Successful musicians put in hours of practice from an early age. The same is true for most top footballers. But is all that practice really necessary ? Is talent alone – with a bit pf practice – not enough ? Successful scientists start working in their field of interest at a much later age, and the best therapists too. These late starters do have some specific characteristics from a young age, such as curiosity or empathy, but they only start practicing the specific job-related skills at a later age.

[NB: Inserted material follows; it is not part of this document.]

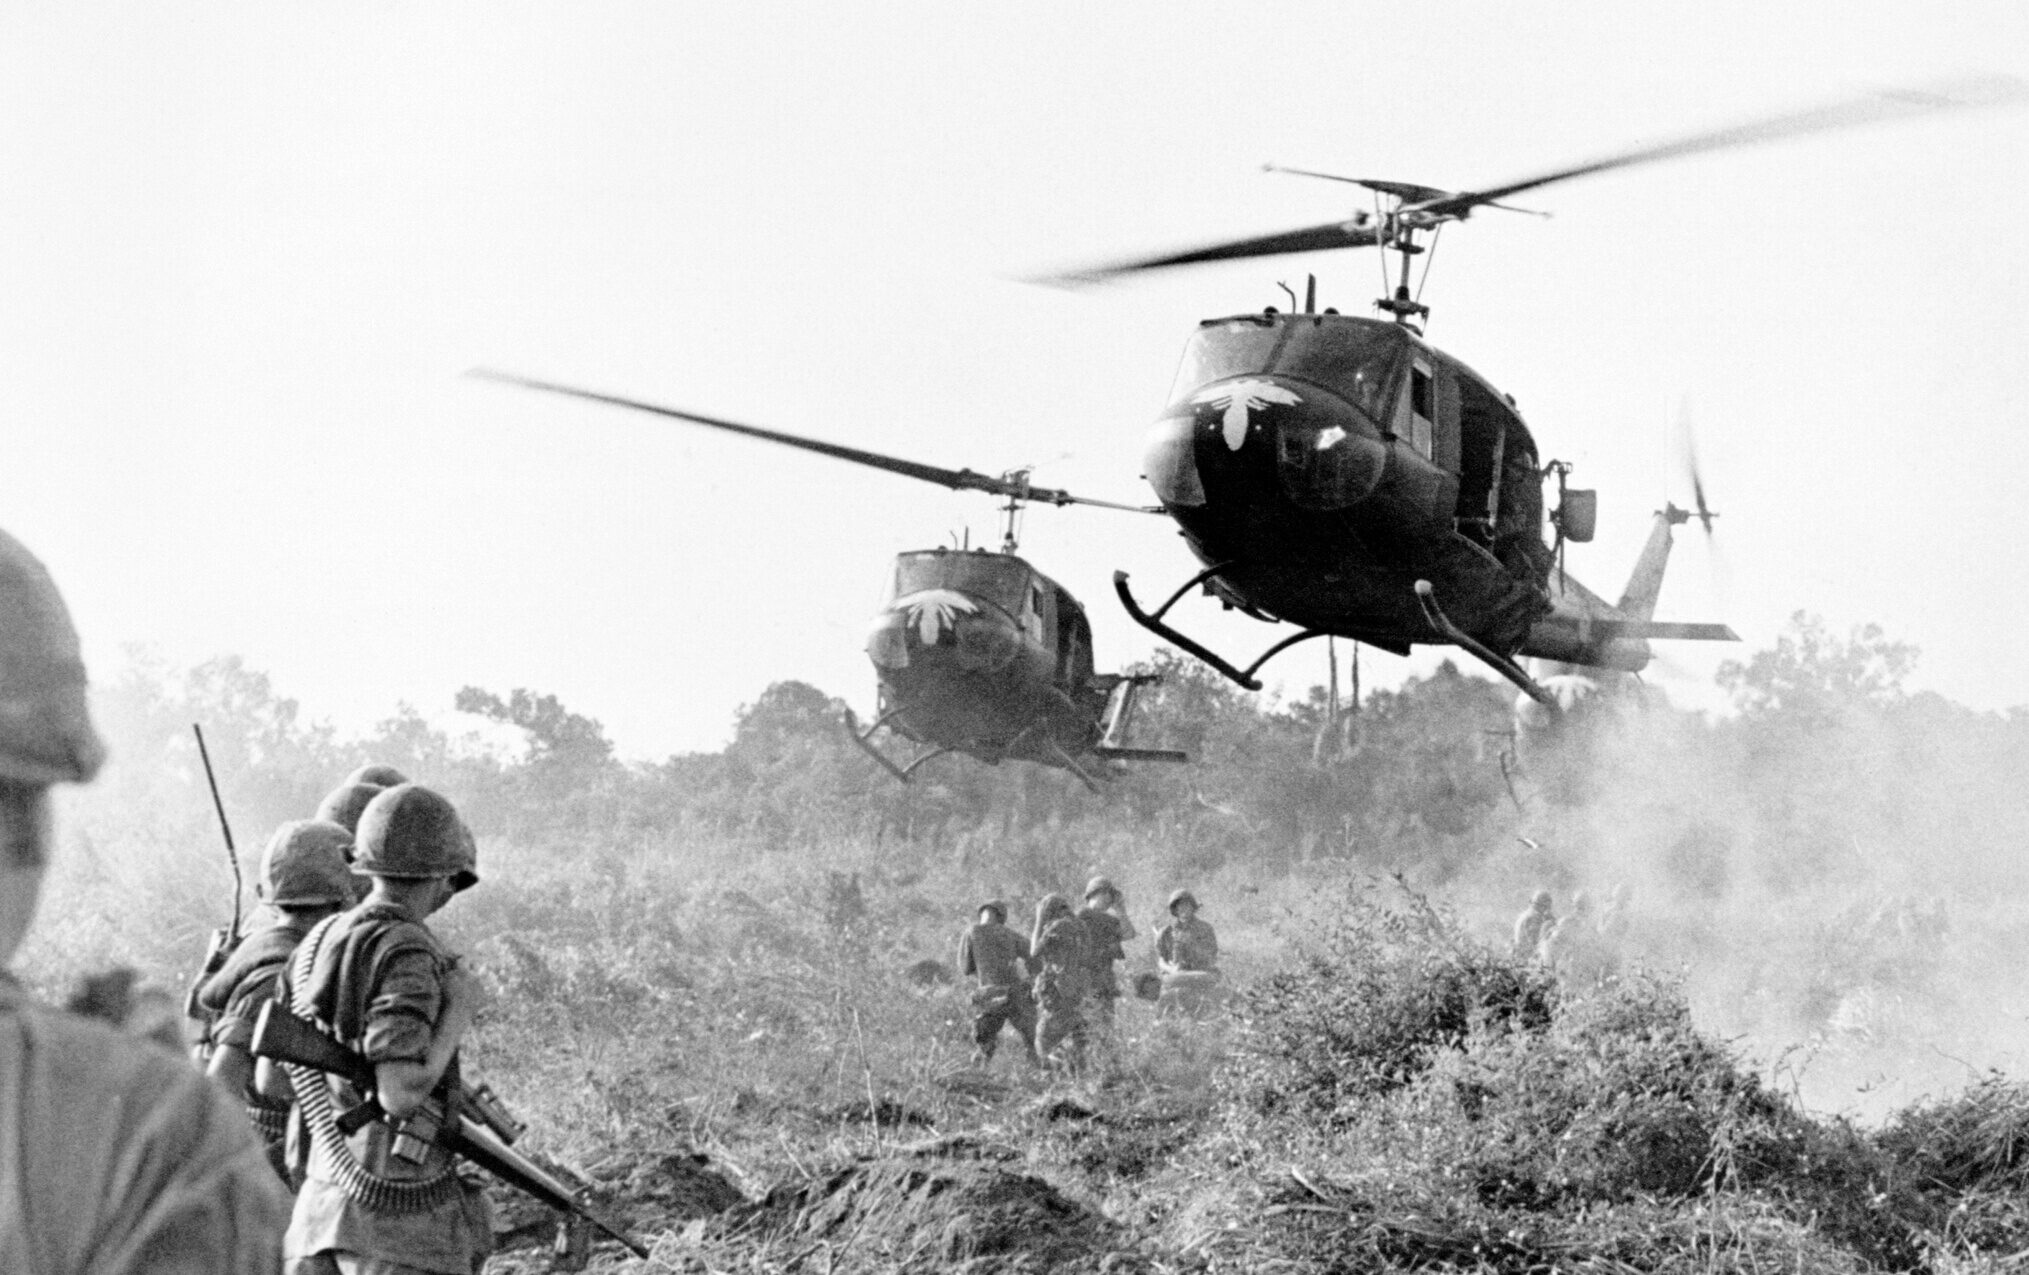 Rescue fliers in Vietnam (Archive Holdings Inc./Getty Images)
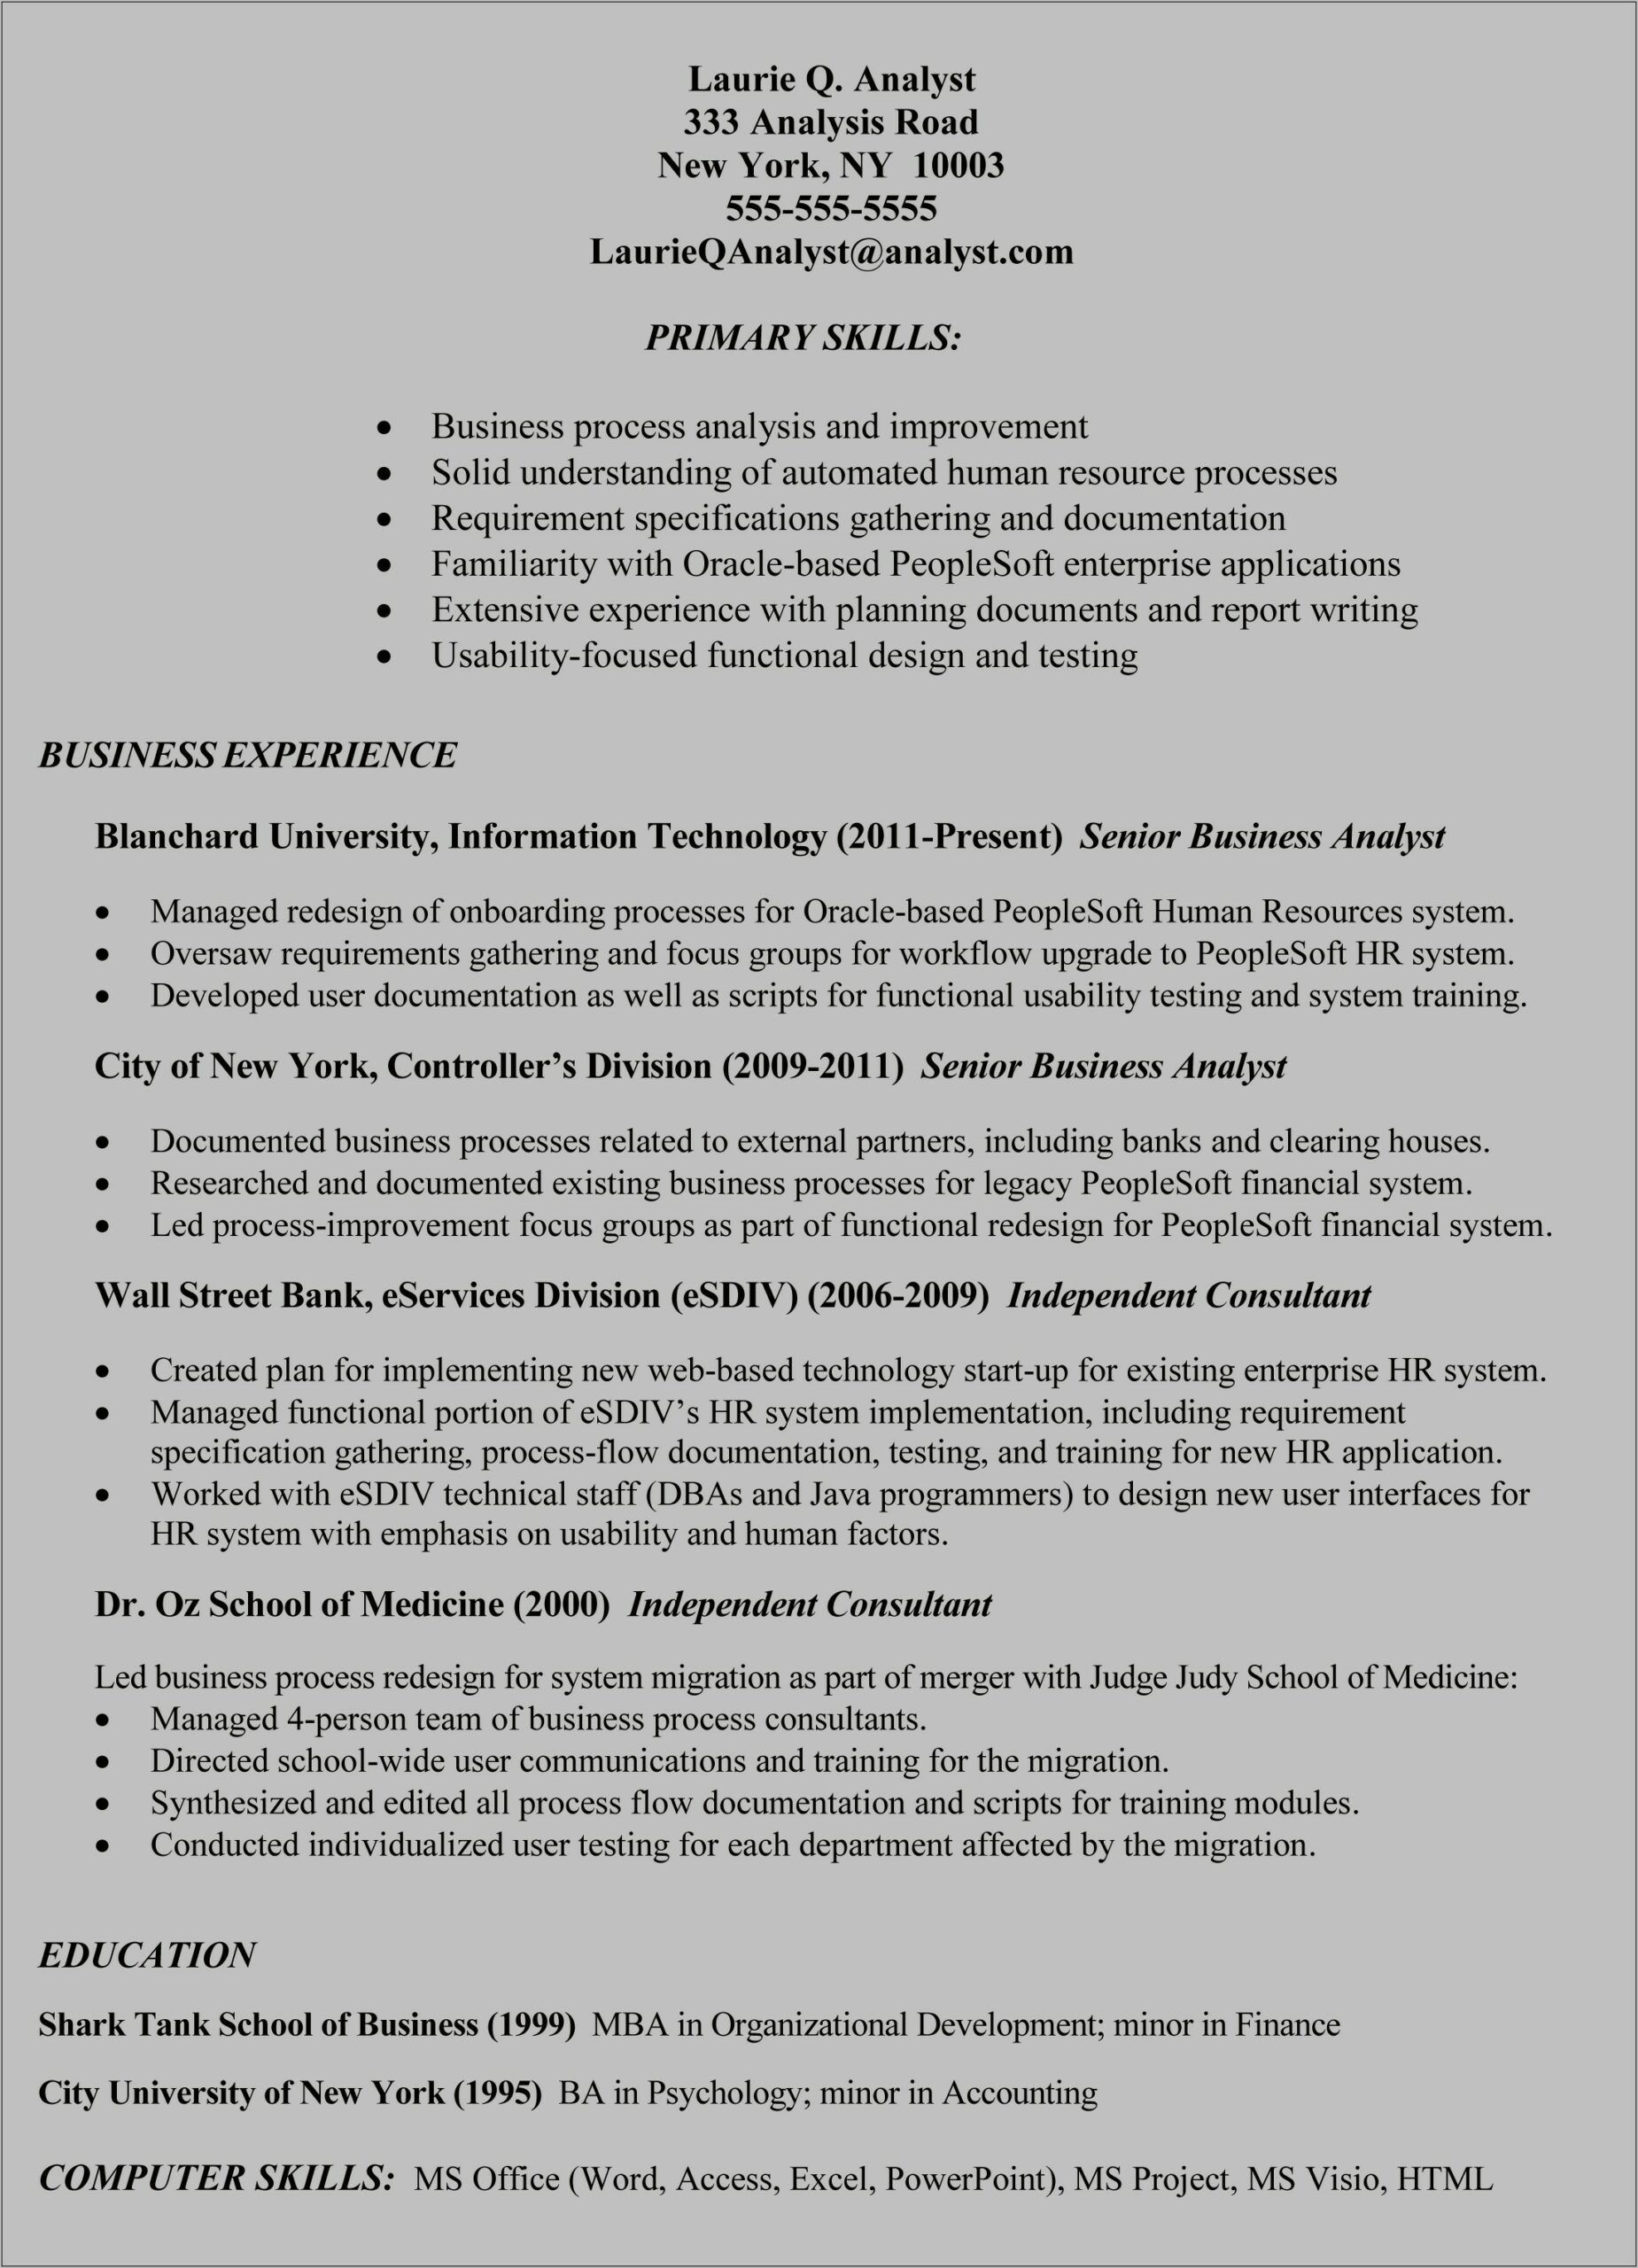 Business Systems Analyst Sample Resume Hr

For career musicians and footballers, you are too late if you only start practicing when you are 15 or 20. Why?

Motor skills training

After training fingers 2,3 and 4, a larger area of the somatosensory cortex is in use

I do know of one explanation. Playing a musical instrument or with a football requires very specific, refined motor skills. Developing and maintaining these needs a lot of training. What changes does this training bring about in the brain? Each point of the fingers is connected to neurons in the cortex of your brain. These neurons are collectively responsible for the sensitivity of the fingers. Previously we thought that the connections between fingers and the cortex were formed in the young child and then remained fixed and unchangeable like a street map in a city. Of course you can change a street map, but then you would have to break down half the city, or at the very least a number of houses.
It turns out however that these brain connections can be changed relatively easily. The example below with monkeys illustrates this. On the left you see the areas of the cortex that represent the five fingers. The monkeys were trained to rotate a platform with the tips of their middle three fingers in order to get food. This was an intensive and refined movement. After three months the areas in the cortex for those three fingers had increased in size. This means that more and finer connections were laid down for those fingers.
This research cannot be replicated with musicians, because electrodes needed to be implanted in the monkeys’ brains for the experiment. But brain scans in humans have demonstrated similar effects. For instance that pianists’ brains show differences compared to those of non-pianists, with the two halves working better in harmony. This may be related to pianists having to move their hands independently of one another but very precisely coordinated, which is not so easy. The right hand is controlled by the left hemisphere and the left hand by the right hemisphere of the brain. The movement of the hands is tuned in such a way in the human brain that symmetrical movements take place more naturally than parallel movements. So moving both hands outwards – the left to the left and the right to the right – is easier than moving both hands to the right at the same time. It is much more difficult to move the hands and fingers independently of each other in time and space. I wouldn’t dream of trying. But a pianist must be able to do this effortlessly.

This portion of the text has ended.